ASSIGNED TASK → What is needed is an exact reproduction of the lines from the one that contains "Futures Open Interest" through the end of the data, both included and nothing else, with pictures omitted.

DATA BLOCK →
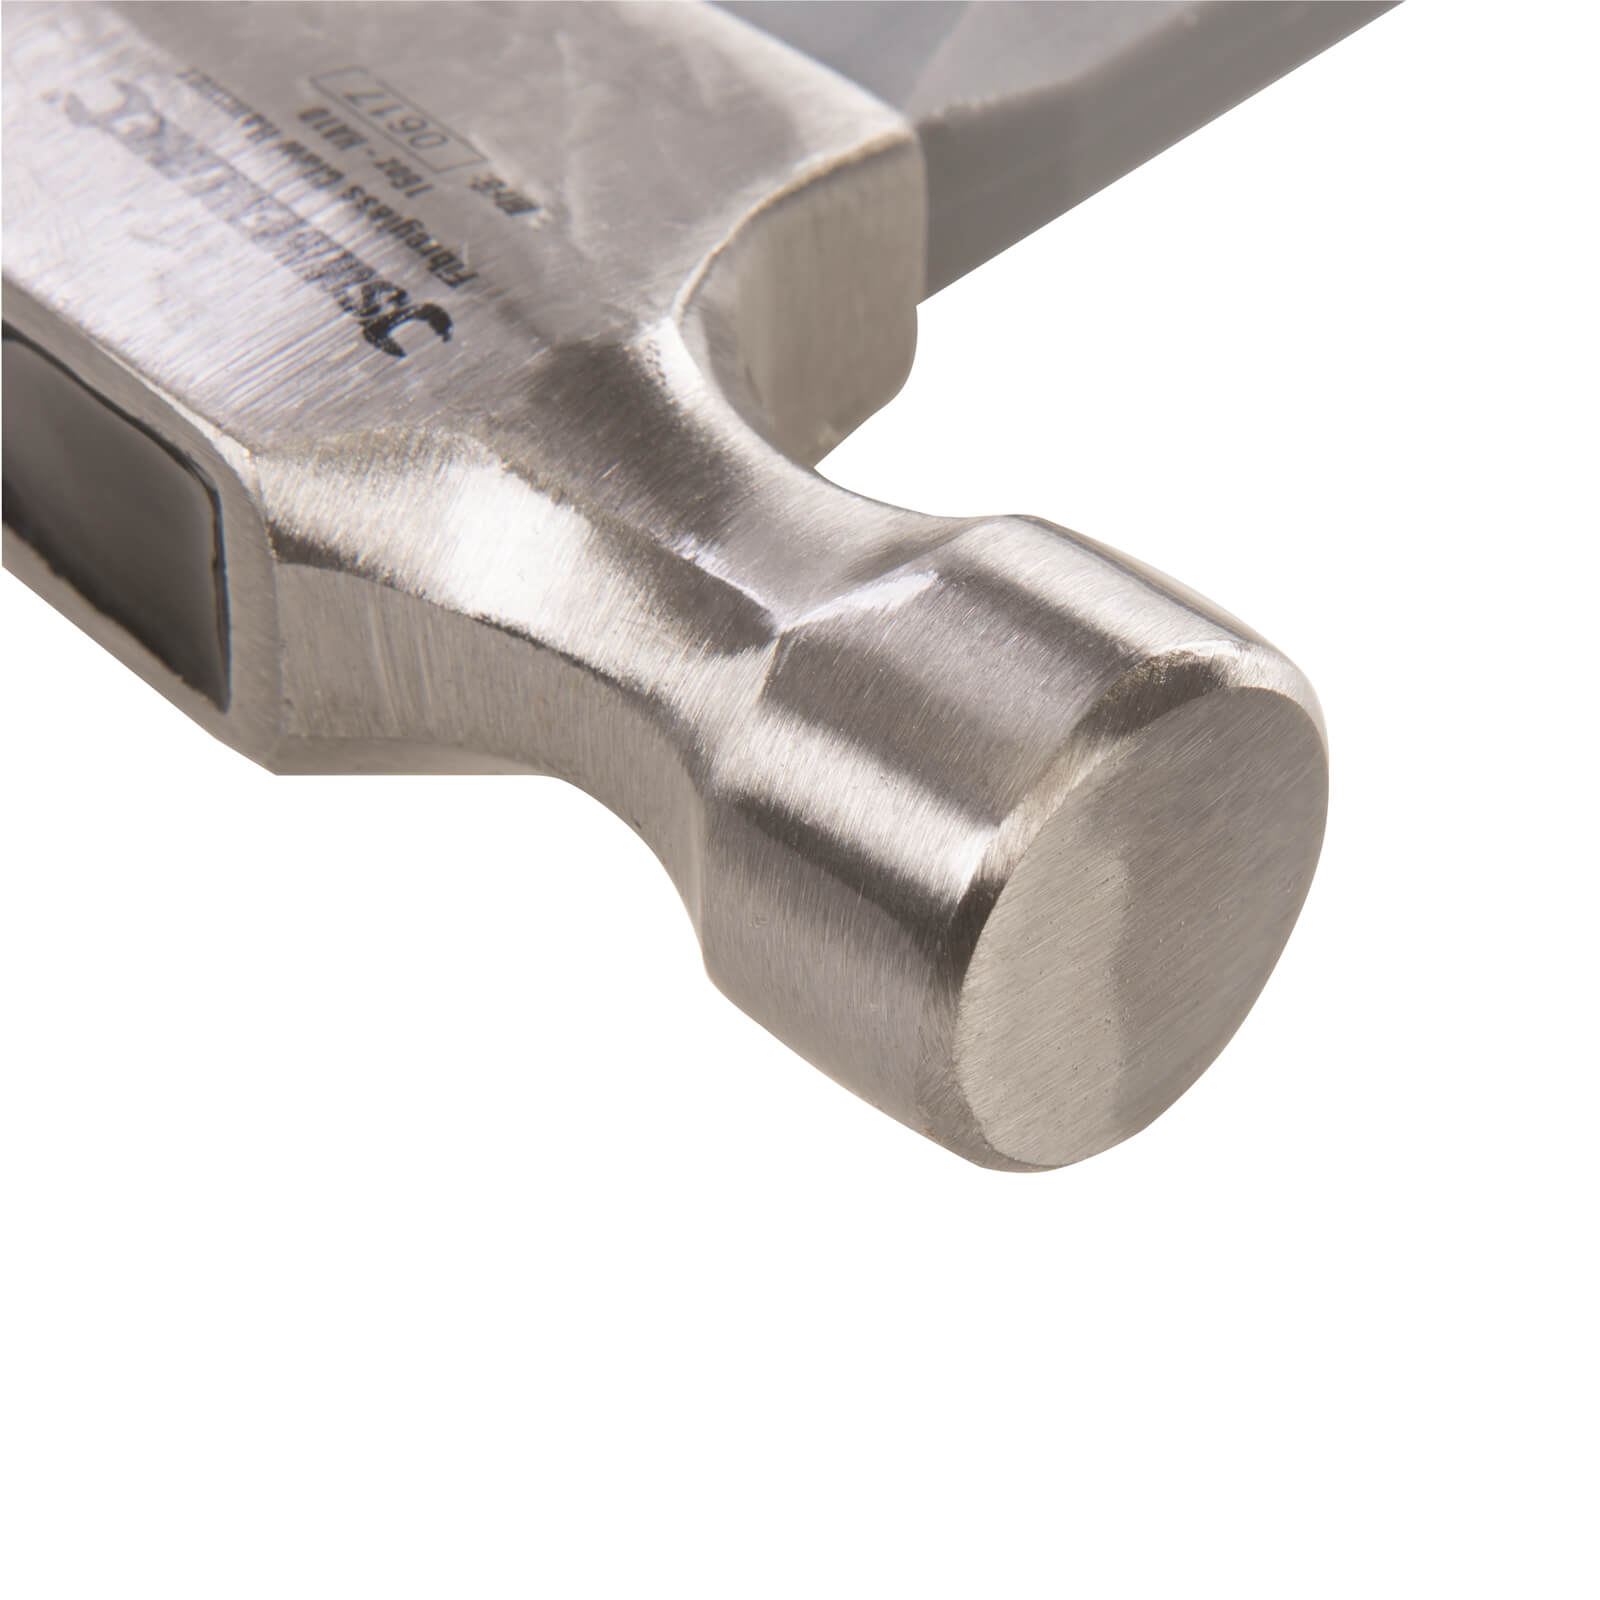 Silverline Fibreglass Claw Hammer - 16oz (454g)
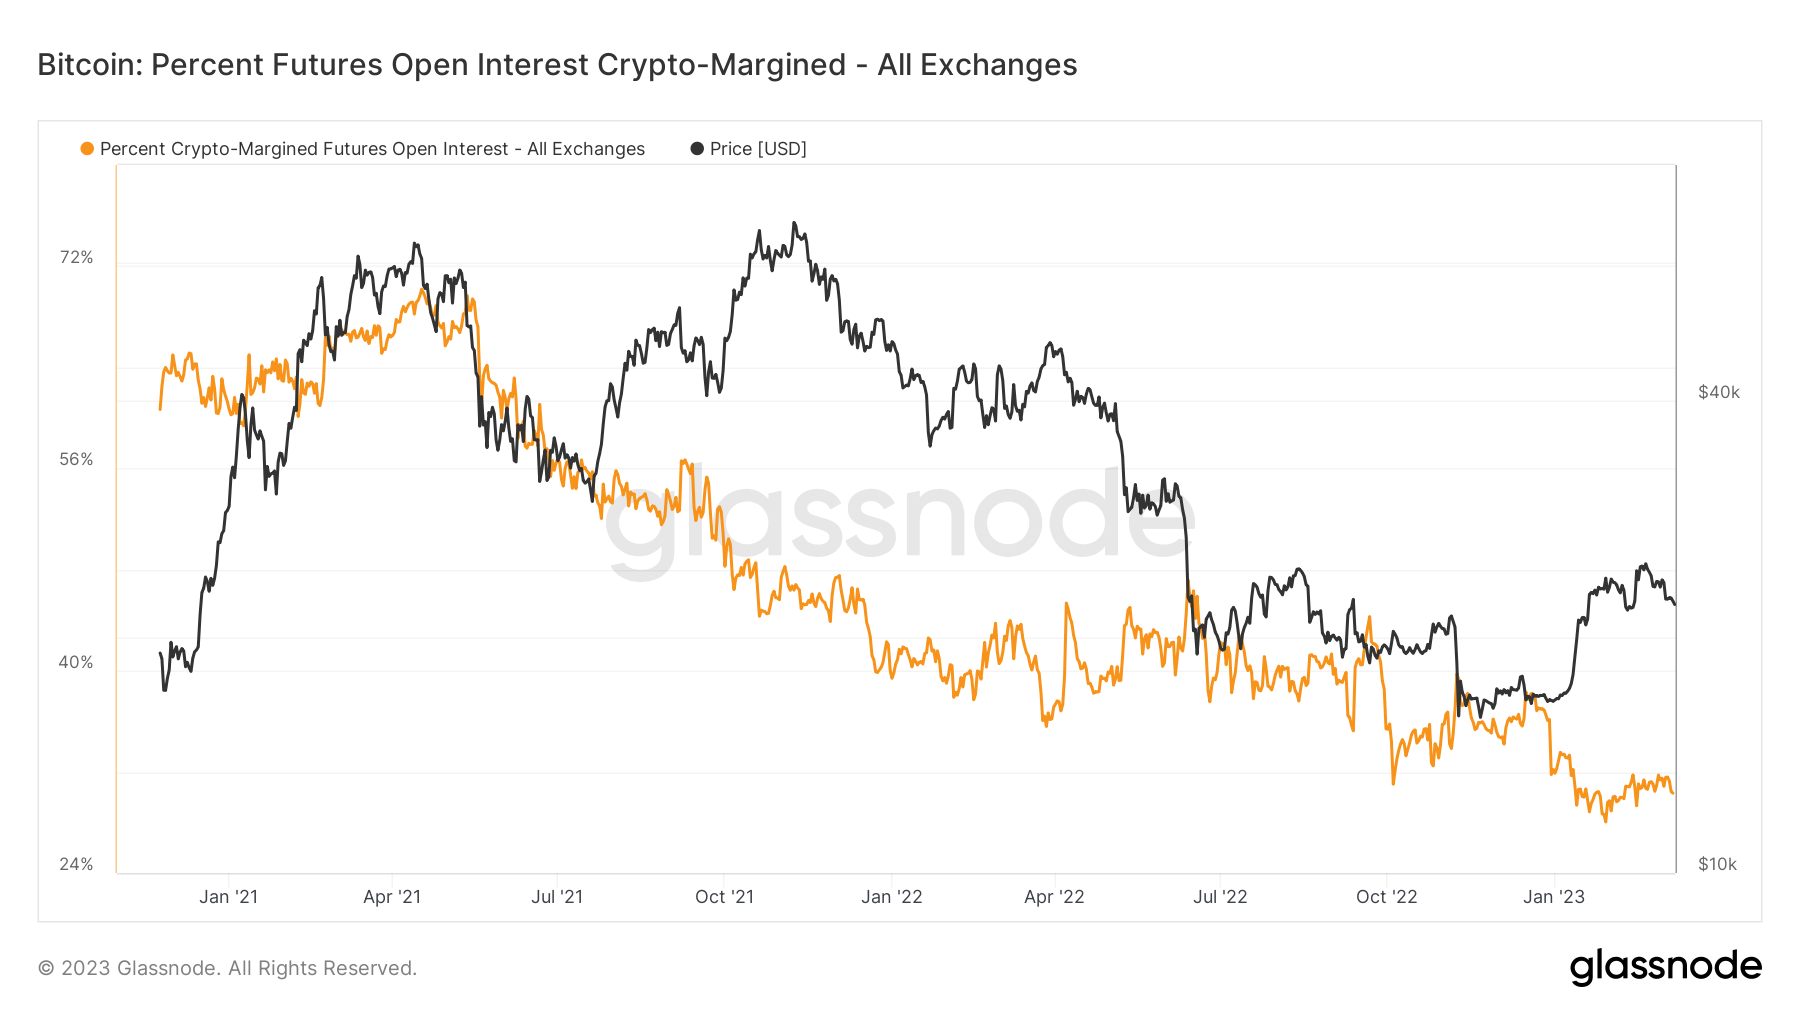 Futures Open Interest Crypto Margined: (Source: Glassnode)
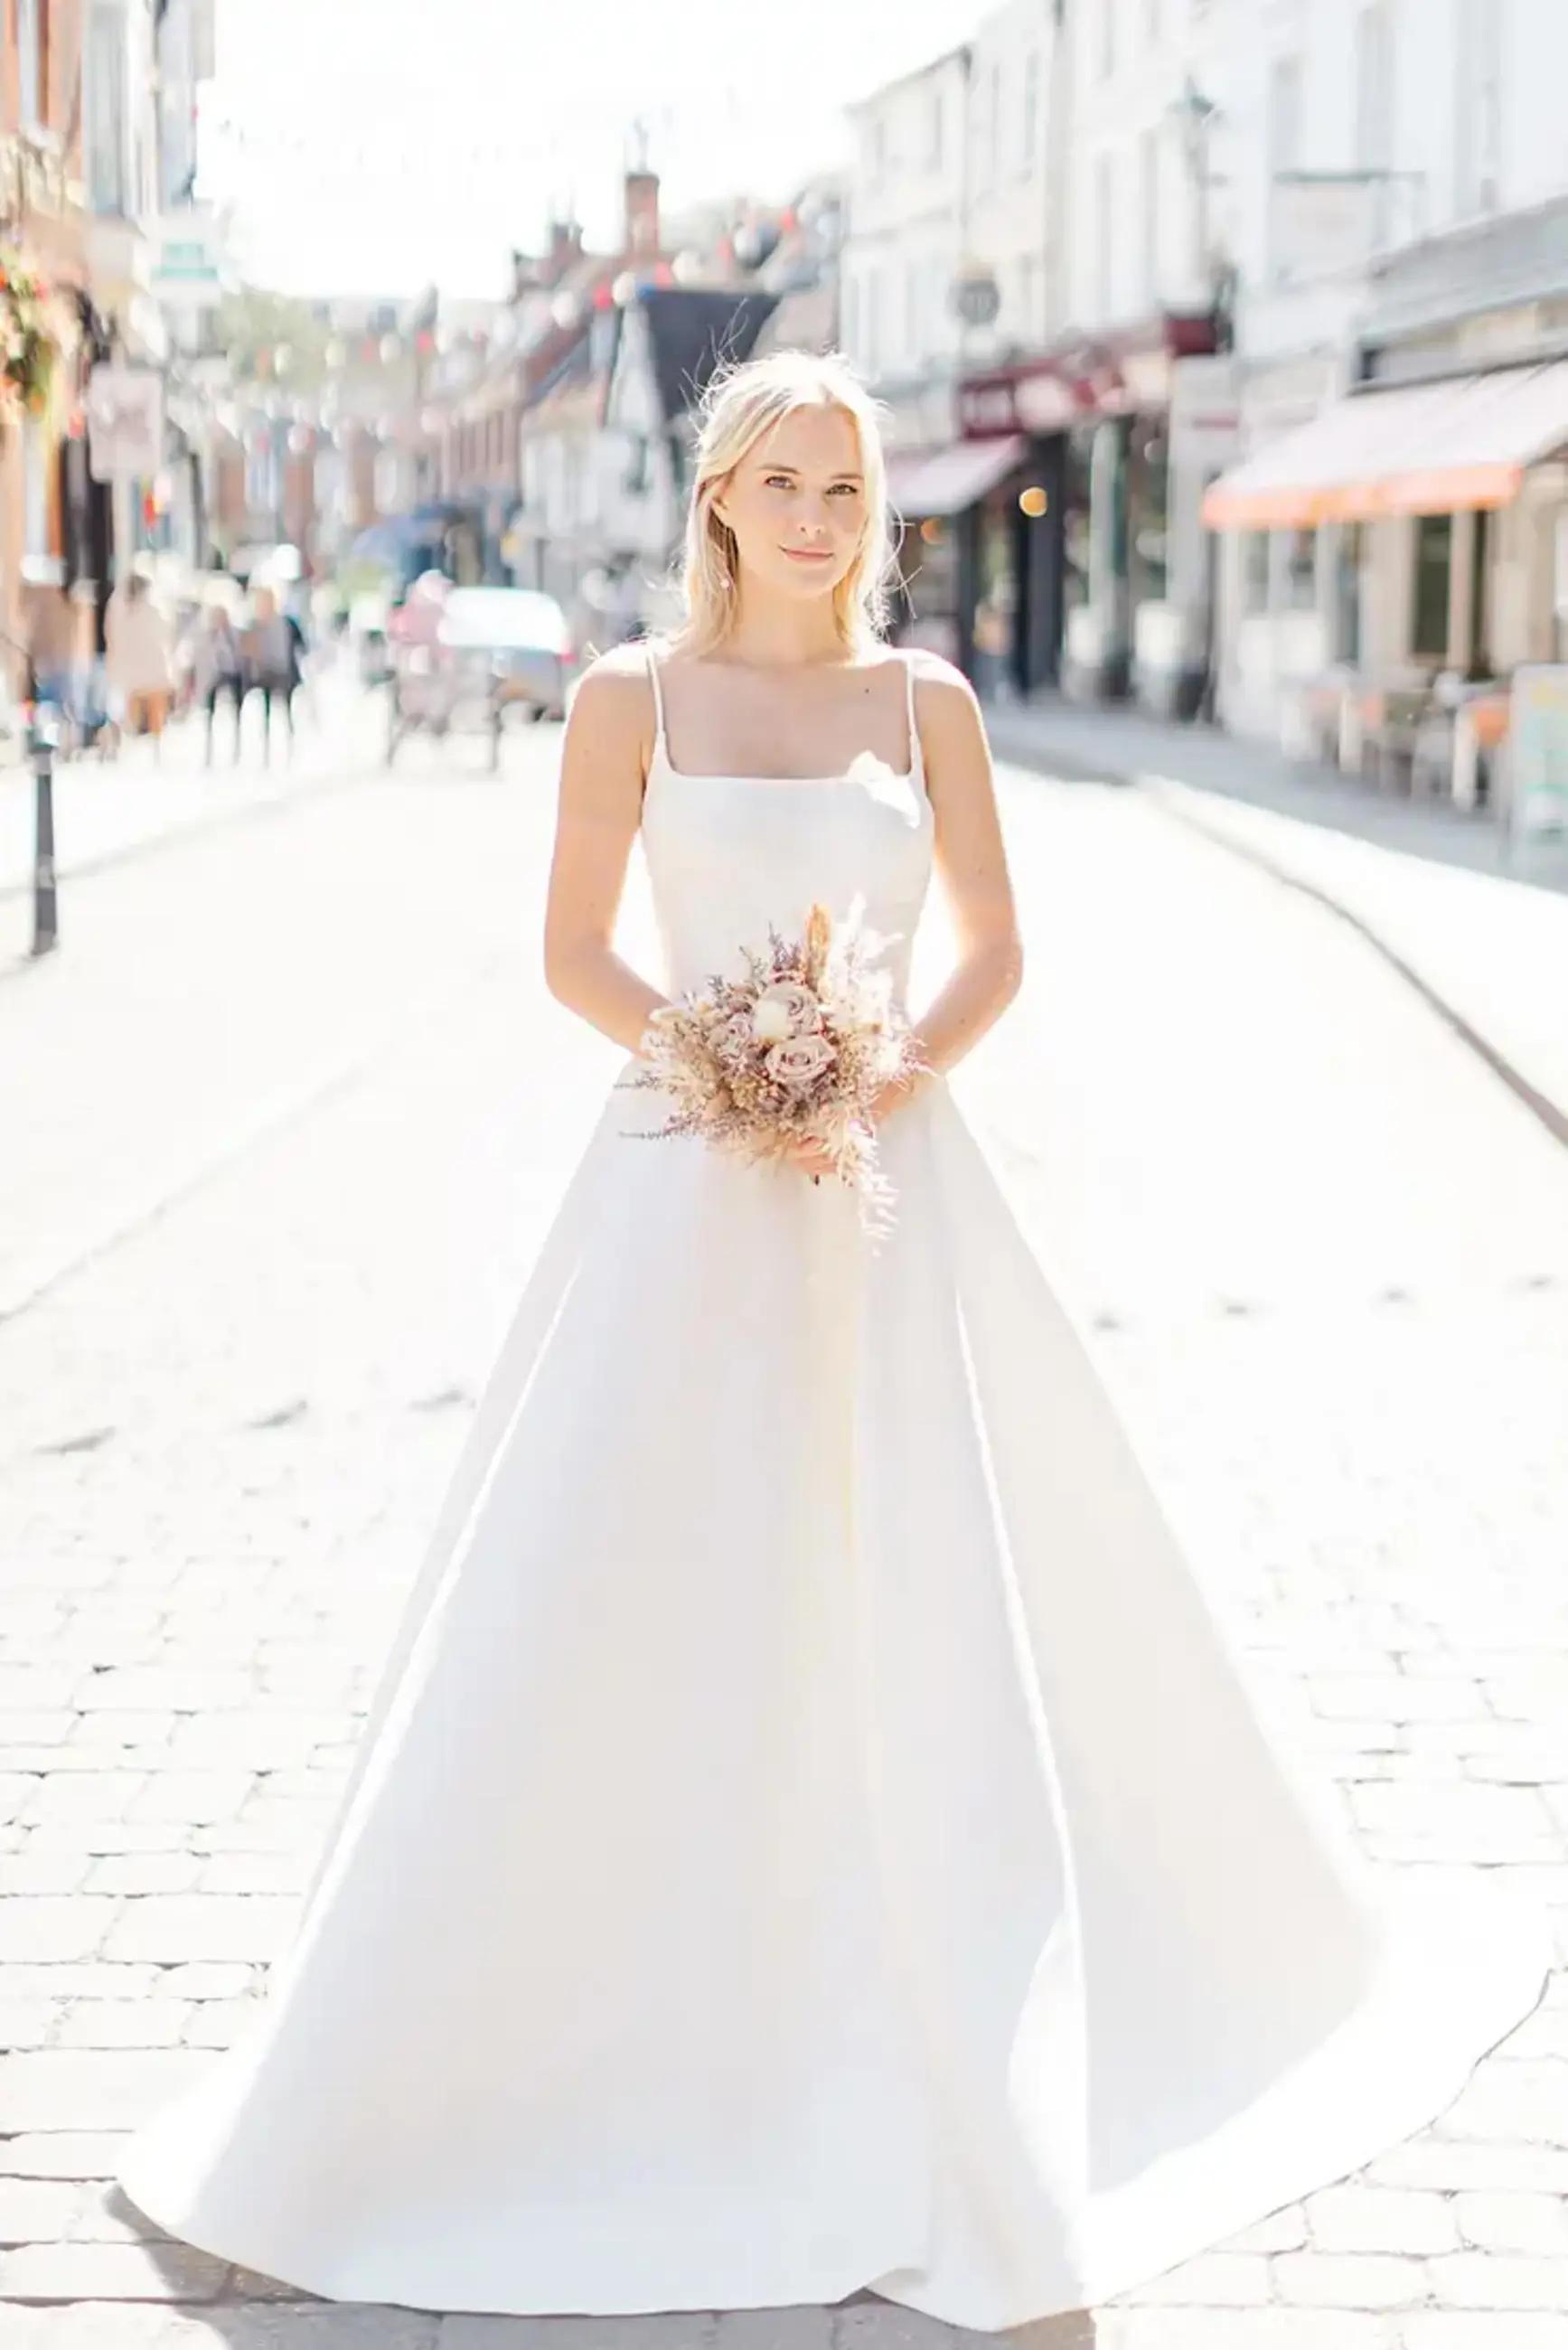 Morgan Davies Bridal Model wearing Freda Bennet Bridal dress

ANSWER BOX →
 Futures Open Interest Crypto Margined: (Source: Glassnode)
 Morgan Davies Bridal Model wearing Freda Bennet Bridal dress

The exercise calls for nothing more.